Greenacre Michael, Martínez-Álvaro Marina, Blasco Agustín
Department of Economics and Business, Universitat Pompeu Fabra, Barcelona, Spain.
Department of Agriculture, Horticulture and Engineering Sciences, Scotland's Rural College, Edinburgh, United Kingdom.
Front Microbiol. 2021 Oct 11;12:727398. doi: 10.3389/fmicb.2021.727398. eCollection 2021.

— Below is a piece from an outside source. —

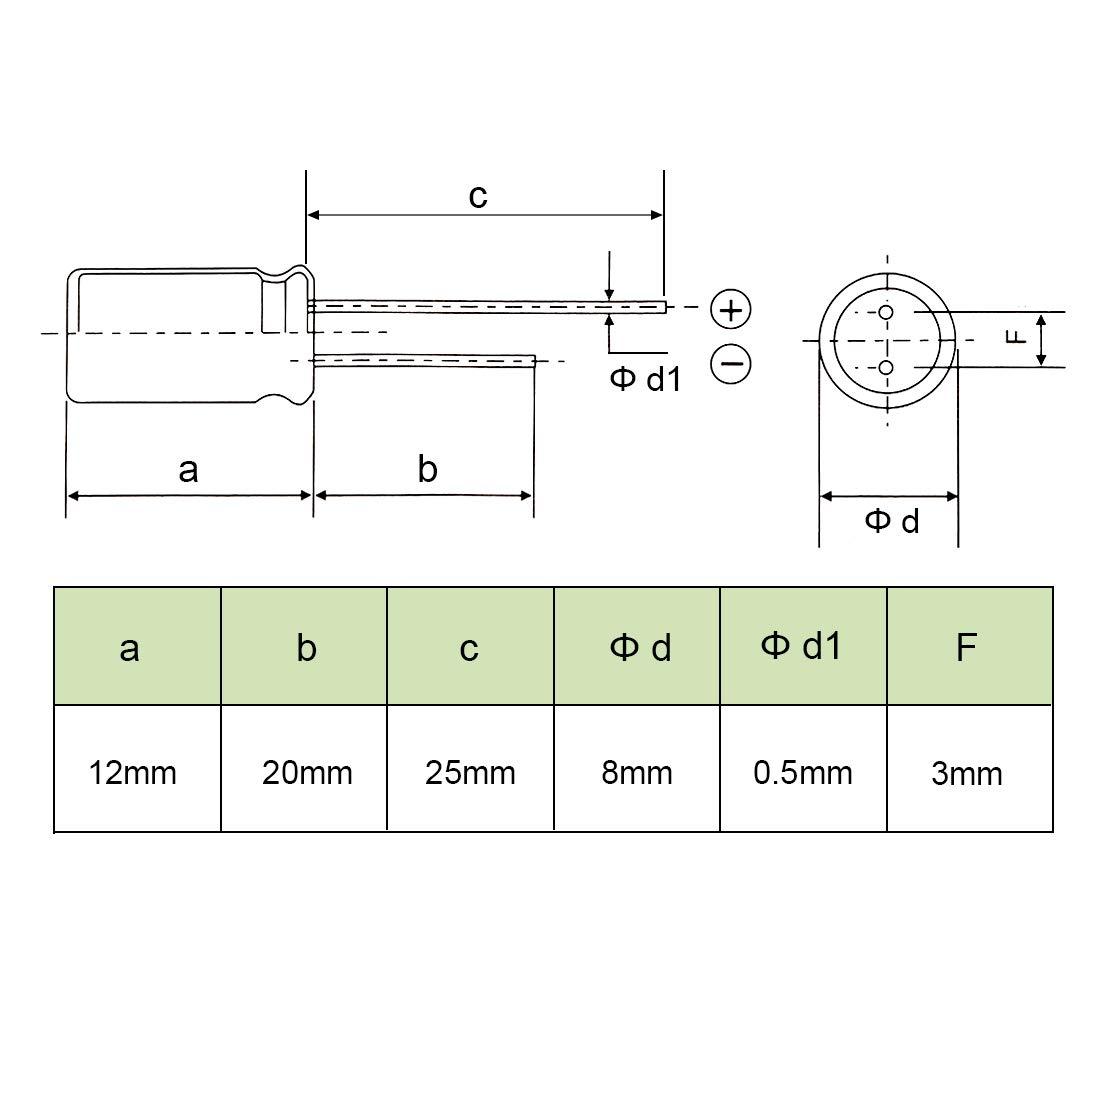 sourcing map Condensadores Electrol/íticos Radiales De Aluminio 220uF 25V Vida 8 X 12mm Negro 10Pcs

Microbiome and omics datasets are, by their intrinsic biological nature, of high dimensionality, characterized by counts of large numbers of components (microbial genes, operational taxonomic units, RNA transcripts, etc.). These data are generally regarded as compositional since the total number of counts identified within a sample is irrelevant. The central concept in compositional data analysis is the logratio transformation, the simplest being the additive logratios with respect to a fixed reference component. A full set of additive logratios is not isometric, that is they do not reproduce the geometry of all pairwise logratios exactly, but their lack of isometry can be measured by the Procrustes correlation. The reference component can be chosen to maximize the Procrustes correlation between the additive logratio geometry and the exact logratio geometry, and for high-dimensional data there are many potential references. As a secondary criterion, minimizing the variance of the reference component's log-transformed relative abundance values makes the subsequent interpretation of the logratios even easier. On each of three high-dimensional omics datasets the additive logratio transformation was performed, using references that were identified according to the abovementioned criteria. For each dataset the compositional data structure was successfully reproduced, that is the additive logratios were very close to being isometric. The Procrustes correlations achieved for these datasets were 0.9991, 0.9974, and 0.9902, respectively. We thus demonstrate, for high-dimensional compositional data, that additive logratios can provide a valid choice as transformed variables, which (a) are subcompositionally coherent, (b) explain 100% of the total logratio variance and (c) come measurably very close to being isometric. The interpretation of additive logratios is much simpler than the complex isometric alternatives and, when the variance of the log-transformed reference is very low, it is even simpler since each additive logratio can be identified with a corresponding compositional component.
微生物组和组学数据集因其内在的生物学性质而具有高维度,其特征是大量成分(微生物基因、操作分类单元、RNA转录本等)的计数。由于样本中鉴定出的计数总数无关紧要,这些数据通常被视为成分数据。成分数据分析的核心概念是对数比率变换,最简单的是相对于固定参考成分的加法对数比率。一组完整的加法对数比率不是等距的,也就是说它们不能精确再现所有成对对数比率的几何形状,但它们缺乏等距性可以通过普罗克汝斯忒斯相关性来衡量。可以选择参考成分以最大化加法对数比率几何形状与精确对数比率几何形状之间的普罗克汝斯忒斯相关性,对于高维数据有许多潜在的参考成分。作为次要标准,最小化参考成分的对数变换相对丰度值的方差会使对数比率的后续解释更加容易。在三个高维组学数据集上,均使用根据上述标准确定的参考成分进行了加法对数比率变换。对于每个数据集,成分数据结构都成功再现,即加法对数比率非常接近等距。这些数据集实现的普罗克汝斯忒斯相关性分别为0.9991、0.9974和0.9902。因此,我们证明,对于高维成分数据,加法对数比率可以作为变换变量提供有效的选择,这些变量(a)在子成分上是连贯的,(b)解释了总对数比率方差的100%,并且(c)在可测量的程度上非常接近等距。加法对数比率的解释比复杂的等距替代方法要简单得多,并且当对数变换参考的方差非常低时,解释甚至更简单,因为每个加法对数比率都可以与相应的成分成分相关联。